Wednesday, February 28, 2024

12. The Widow of Bath by Margot Bennett

I have been looking for this book forever and finally found this nice trade paperback edition at the White Elephant sale in Oakland.  I'm not a fan of trade paperbacks on principle but this one I have to admit is quite nicely designed.  I think it was Kenneth Hite that made me aware of this book, but I can't remember for sure.  She clearly has been somewhat forgotten.

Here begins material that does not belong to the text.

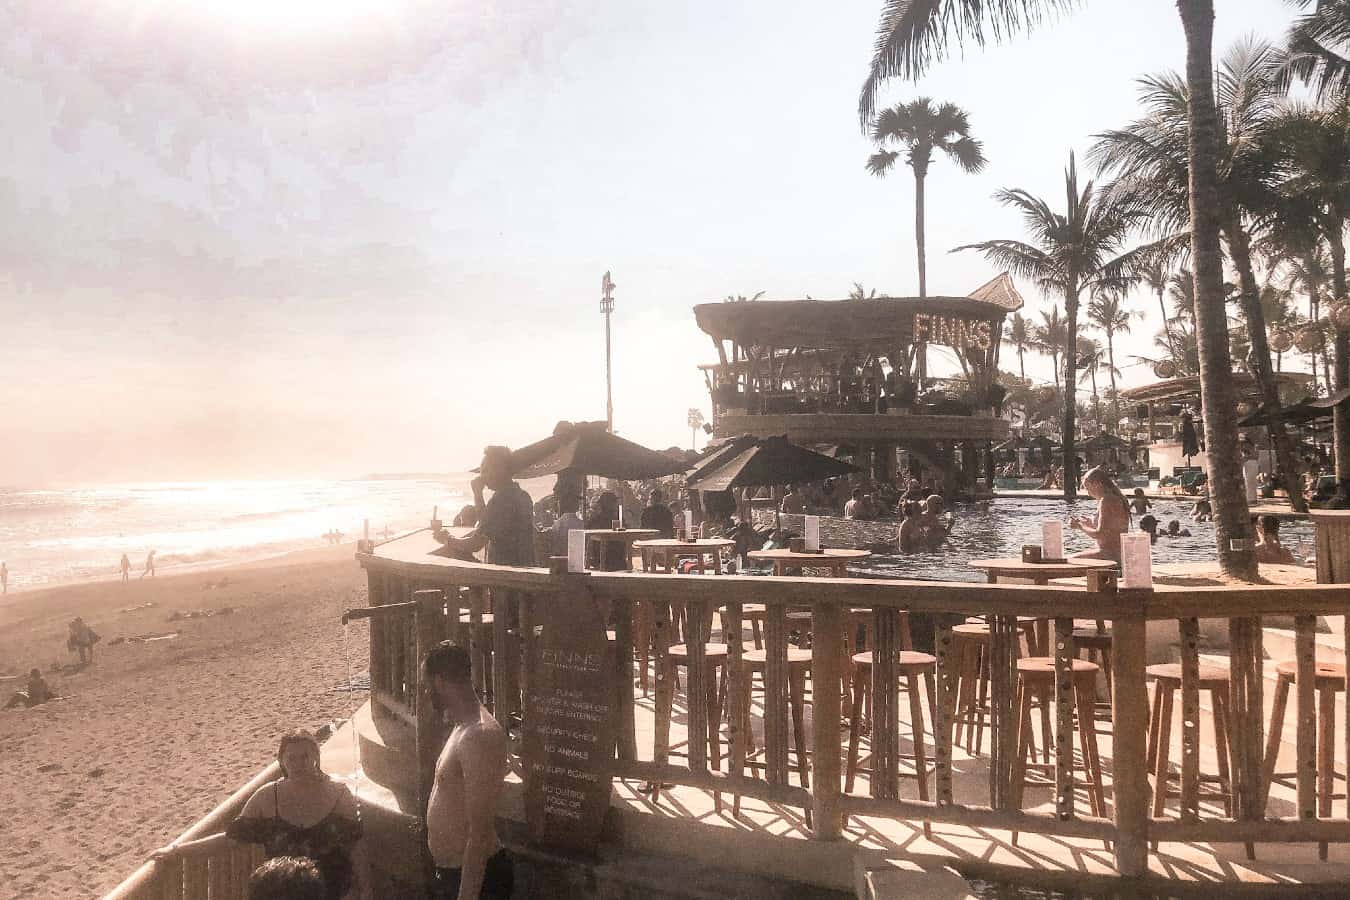 Finns Beach Club, A Popular Spot In Cangg Bali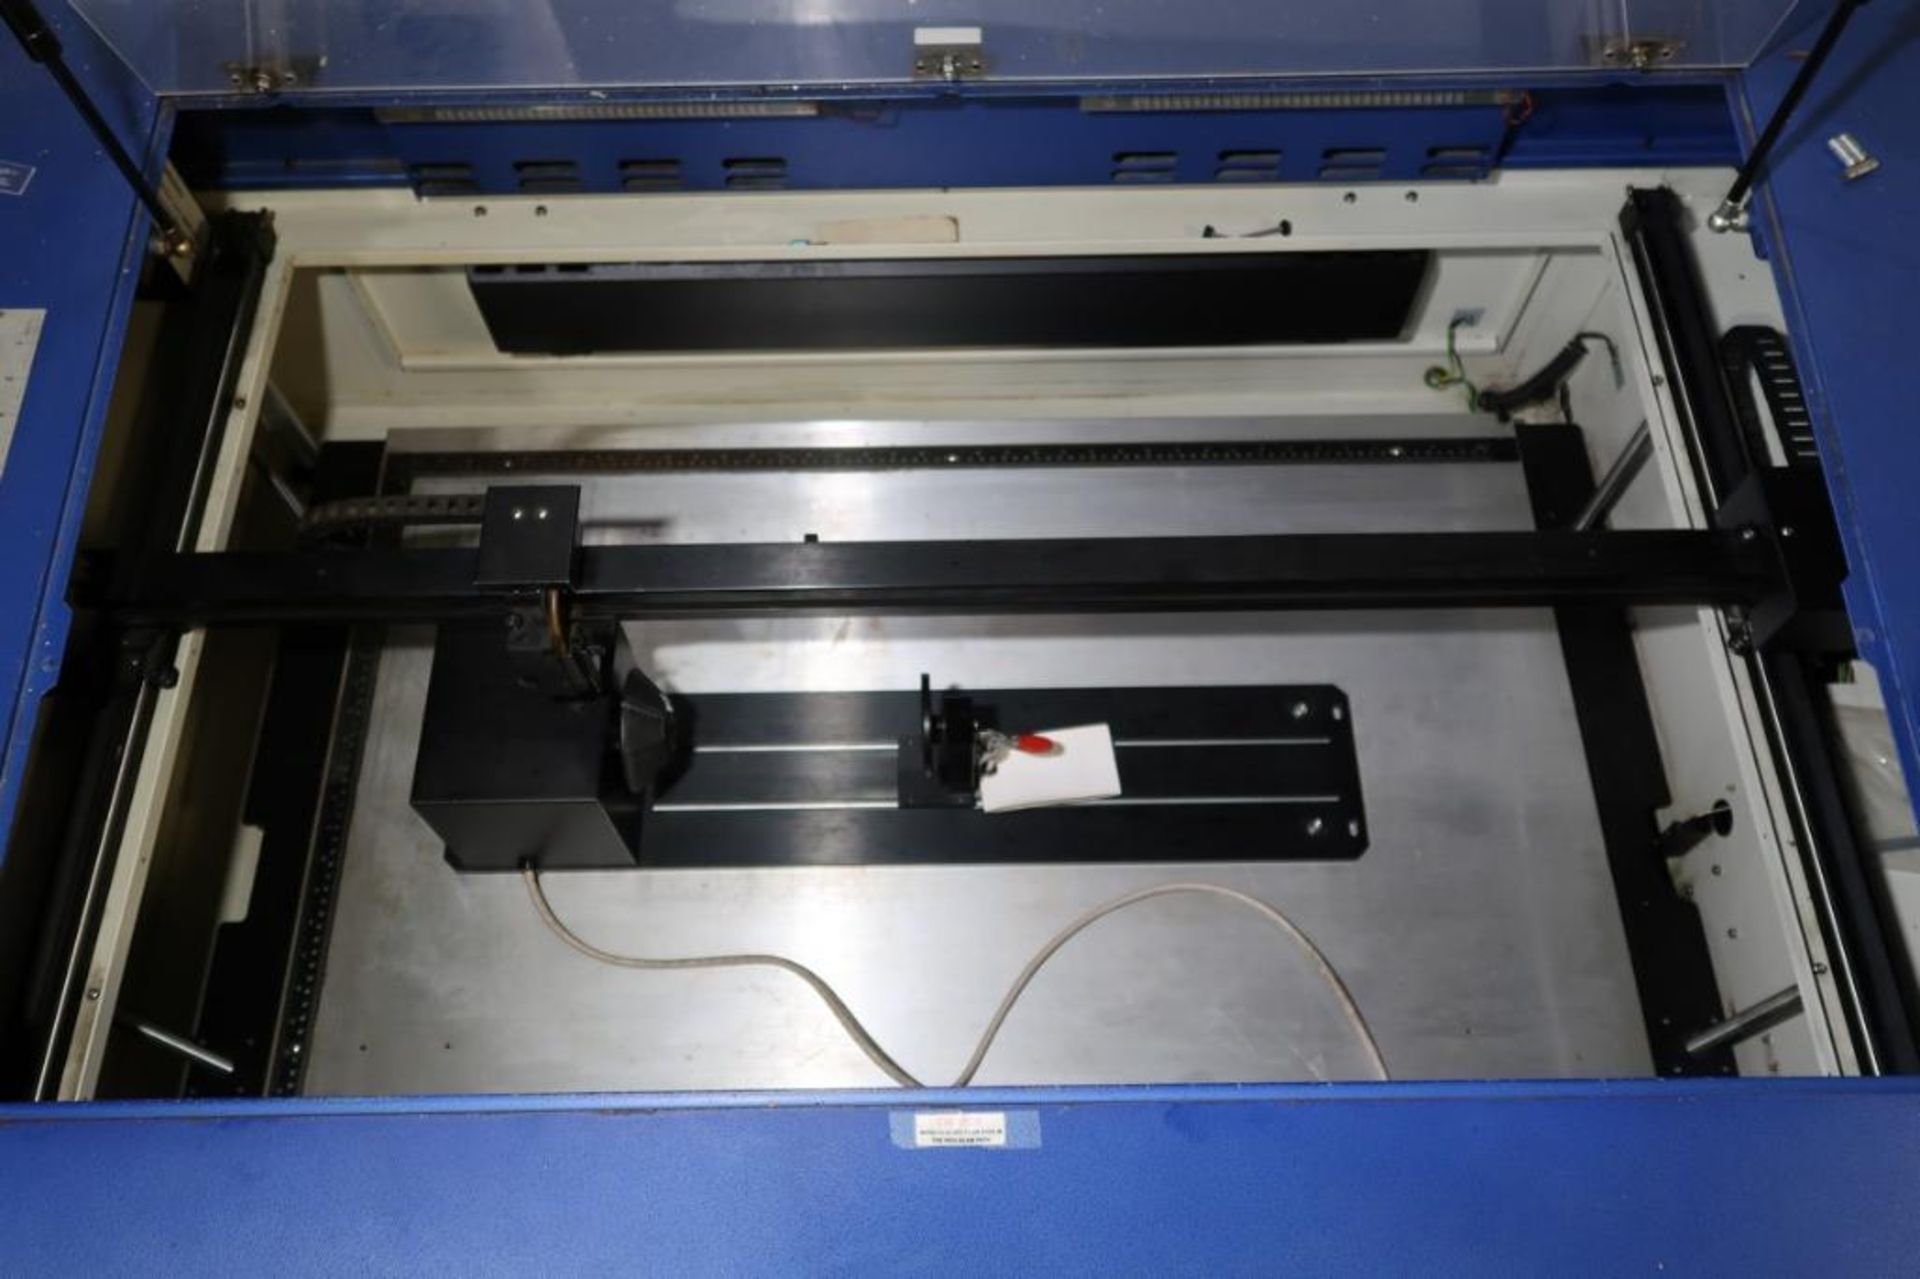 2012 GSC Laser Pro Spirit mdl. GLS-40V Laser Engraving Machine - Image 2 of 6

I enjoyed this book in the end, but I have to admit being quite stymied in the first half.  It was both a bit too sophisticated for me and perhaps too much of its time.  The dialogue was excessively clever to the point that I couldn't understand what characters were trying to say.  Every line was a clever metaphor or indirect allusion or obscure reference.  Perhaps this was how upper class post-WWII drifters talked at the time or perhaps Bennett was trying too hard.  It reminded me a bit of some of the British version of the  worst excesses of John D. MacDonald's hipster early 60s dialogue (though in this case, it was more baffling than annoying).  

The protagonist is Hugh Everton, an embittered hotel reviewer for a travel agency.  It is suggested that though he himself was not wealthy, that he had in the past hobnobbed with a wealthy or at least upper class set.  There was a scandal while he was working for the British embassy in Paris that ended with him in prison for cheque fraud (after being rescued from being drowned in the Seine).  He runs into two women from that scene at a mediocre resort on the English coast, as well as a stiff military man named Atkinson who looks almost identical to a Ronson, but behaves differently, who was responsible for his fraud and near-drowning incident.

One of the women is the beautiful Lucy, who was the one who needed the money that Everton made the fake cheque four.  She is now married to a judge.  She persuades Everton to come back to his place on the hill and while there, a dog howls, a shot is heard and the judge is found dead in his room, while the other four were all playing bride, alibis established.  And thus the mystery begins.

Everton is kind of a broken man, but also impulsive. Part of the narrative arc alongside the mystery itself is him finding his moral core.  The story gets quite good by the end when the murder moves beyond just personal motives into post-war smuggling of undesirable "refugees" from Europe.  And the mystery itself was multi-layered in a complex yet reasonable way that made the resolution fairly satisfying.  I couldn't entirely shake the distancing of the weird characters and their crazy dialogue, so I'm not sure I'll seek out her other books, but if I stumble upon one, I will pick it up and read it.